DESCRIPTION OF THE TASK:
An exact copy of the data below is needed; please leave out any pictures.

** Opening SUPPLIED INFORMATION block **

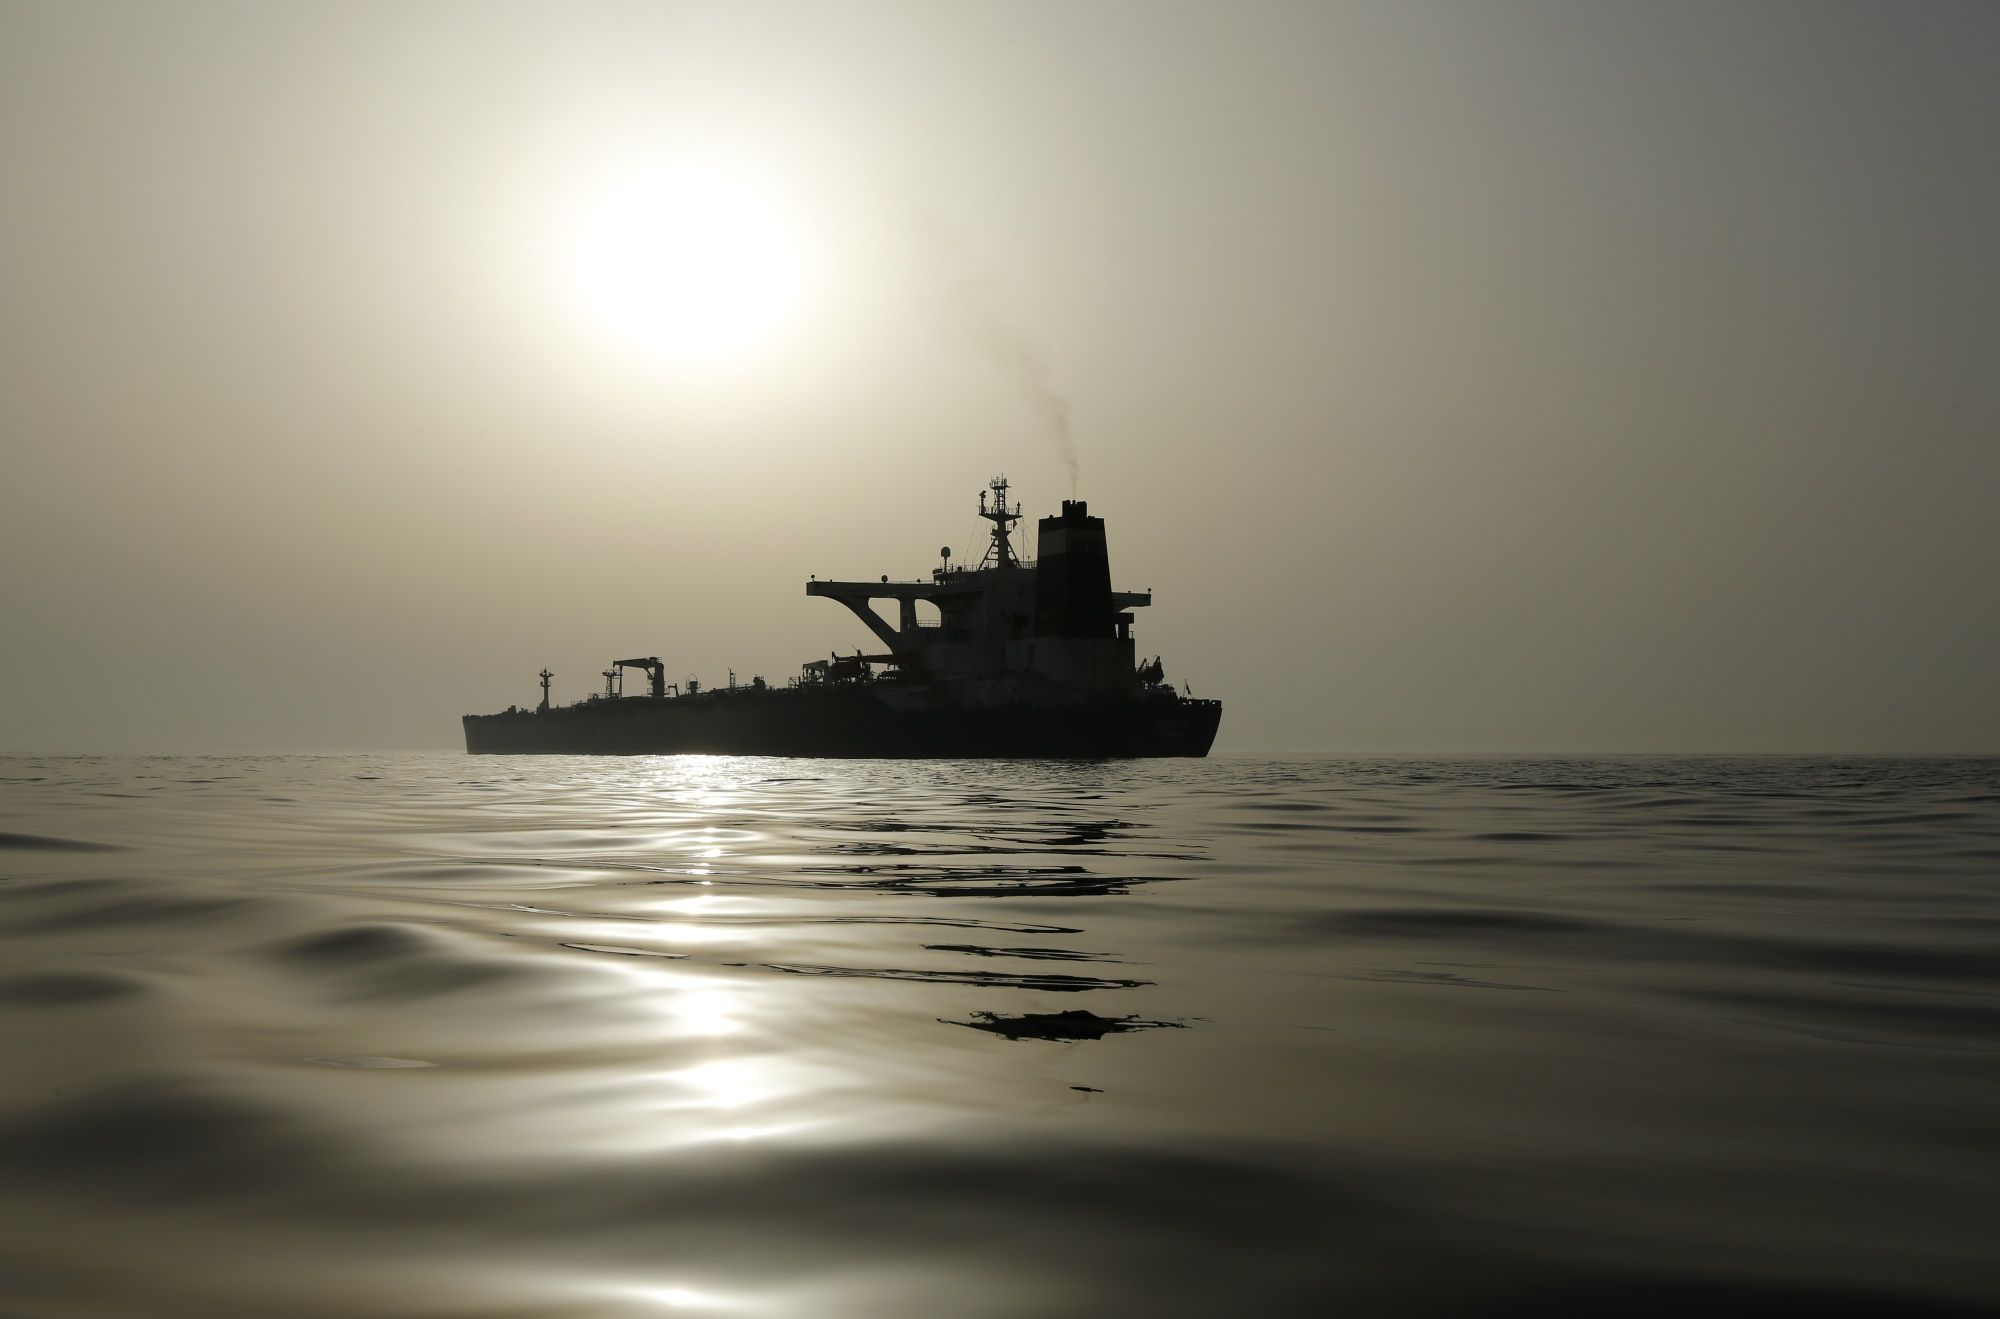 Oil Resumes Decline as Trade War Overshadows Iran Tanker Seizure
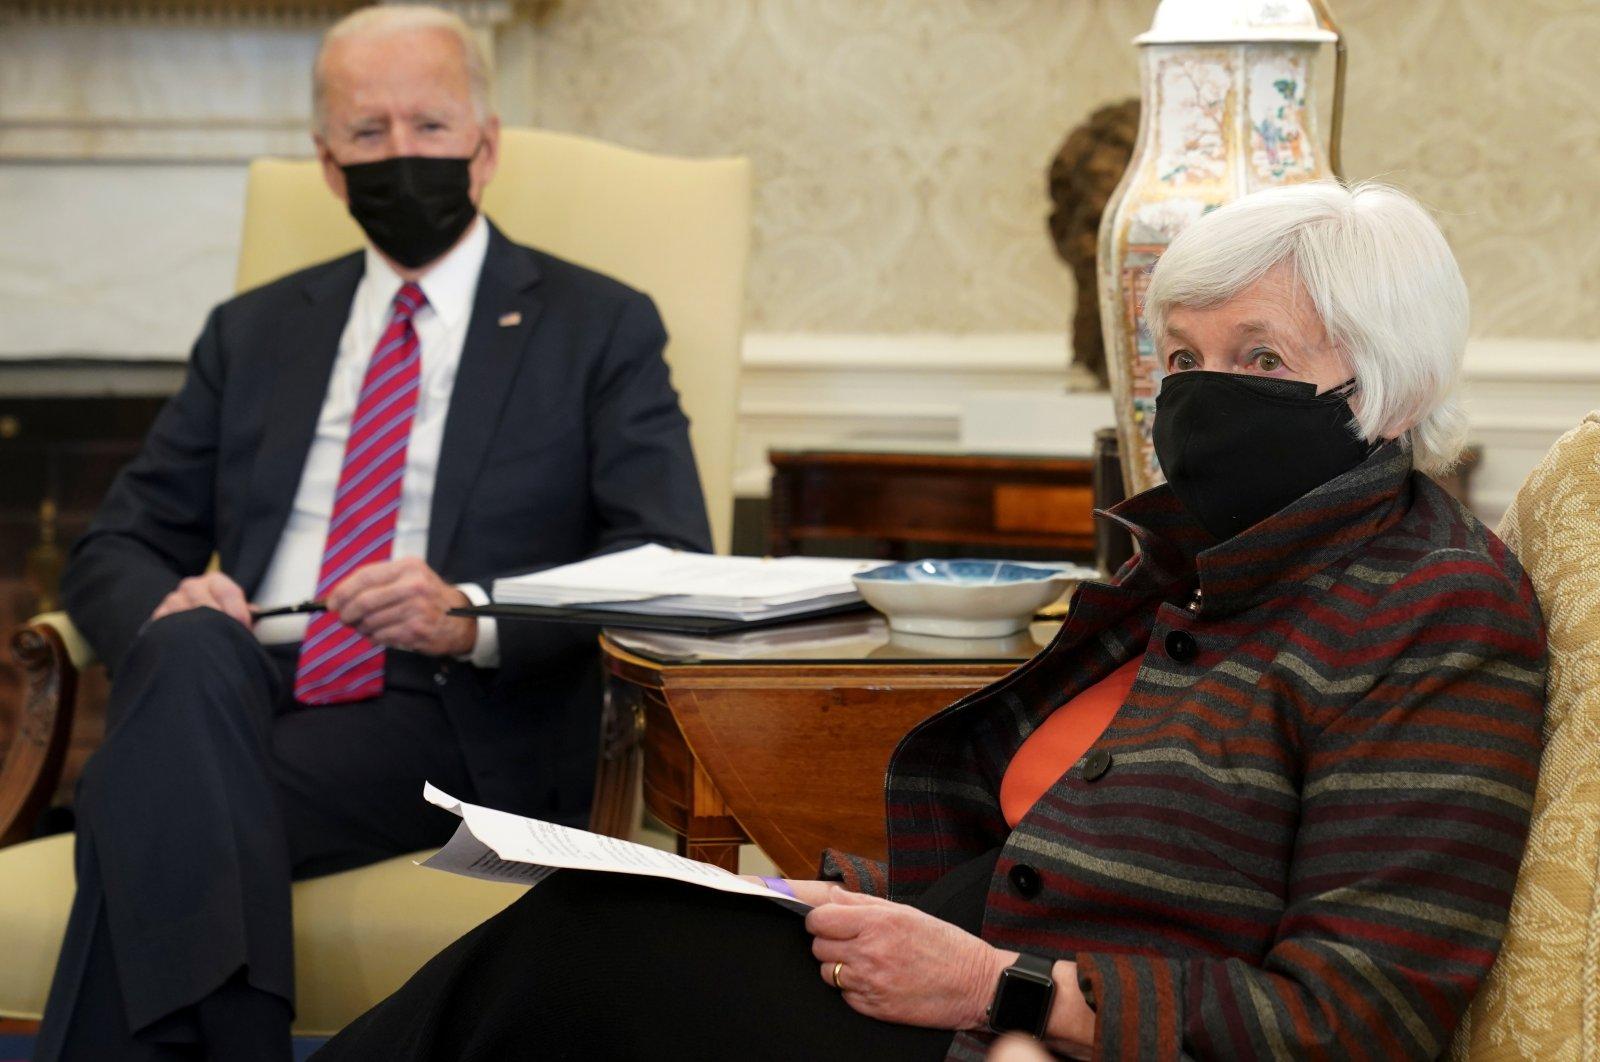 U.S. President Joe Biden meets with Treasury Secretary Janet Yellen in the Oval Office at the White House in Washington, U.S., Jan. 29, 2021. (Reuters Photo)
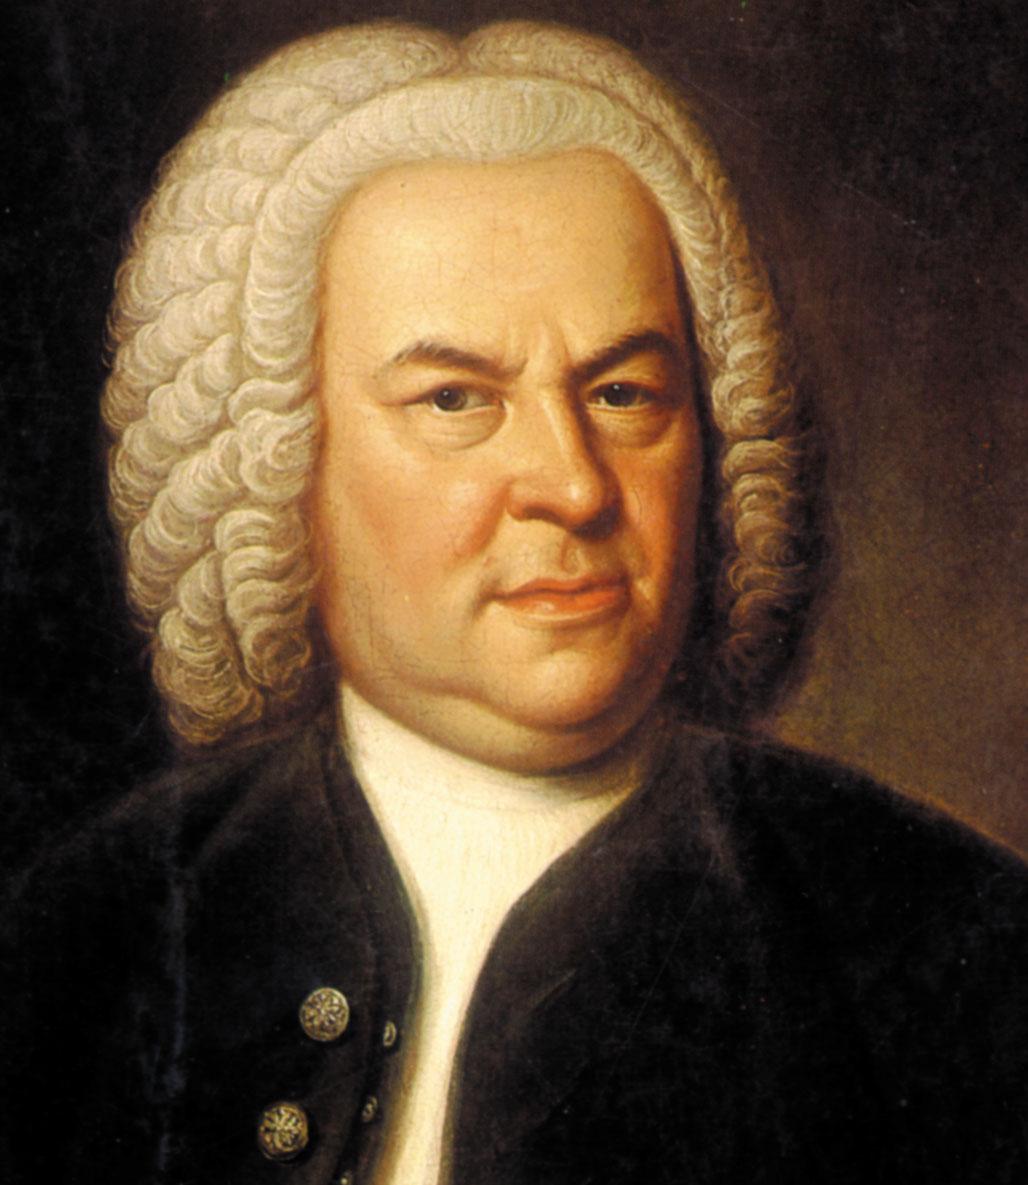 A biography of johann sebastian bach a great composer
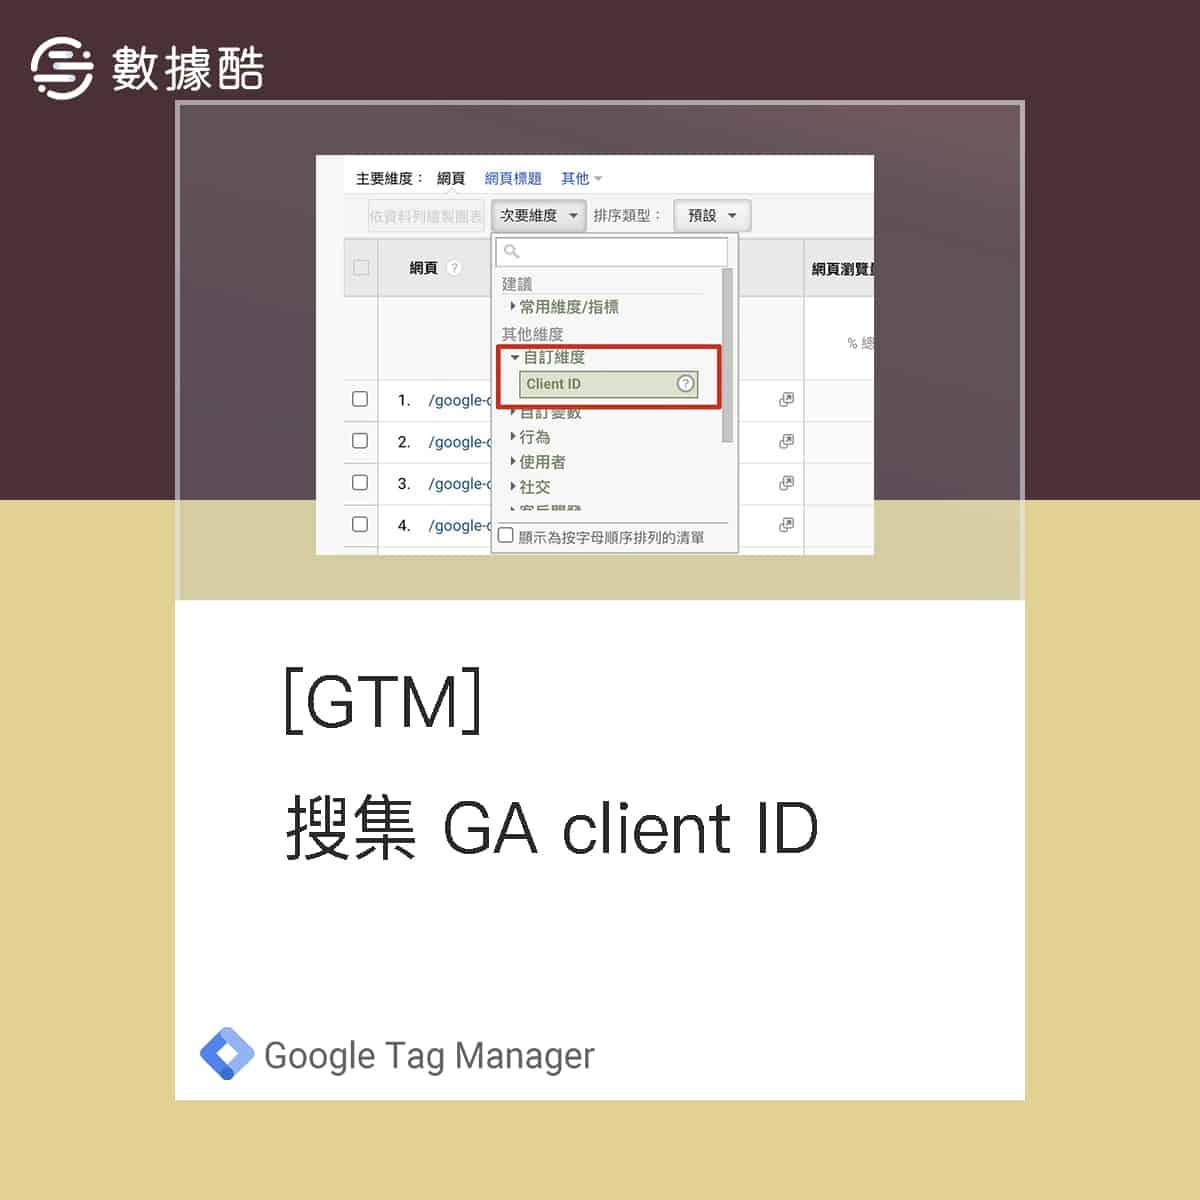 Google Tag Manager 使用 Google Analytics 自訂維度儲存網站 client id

** Closing SUPPLIED INFORMATION block **

SOLUTION TO THE PROBLEM:
 Oil Resumes Decline as Trade War Overshadows Iran Tanker Seizure
 U.S. President Joe Biden meets with Treasury Secretary Janet Yellen in the Oval Office at the White House in Washington, U.S., Jan. 29, 2021. (Reuters Photo)
 A biography of johann sebastian bach a great composer
 Google Tag Manager 使用 Google Analytics 自訂維度儲存網站 client id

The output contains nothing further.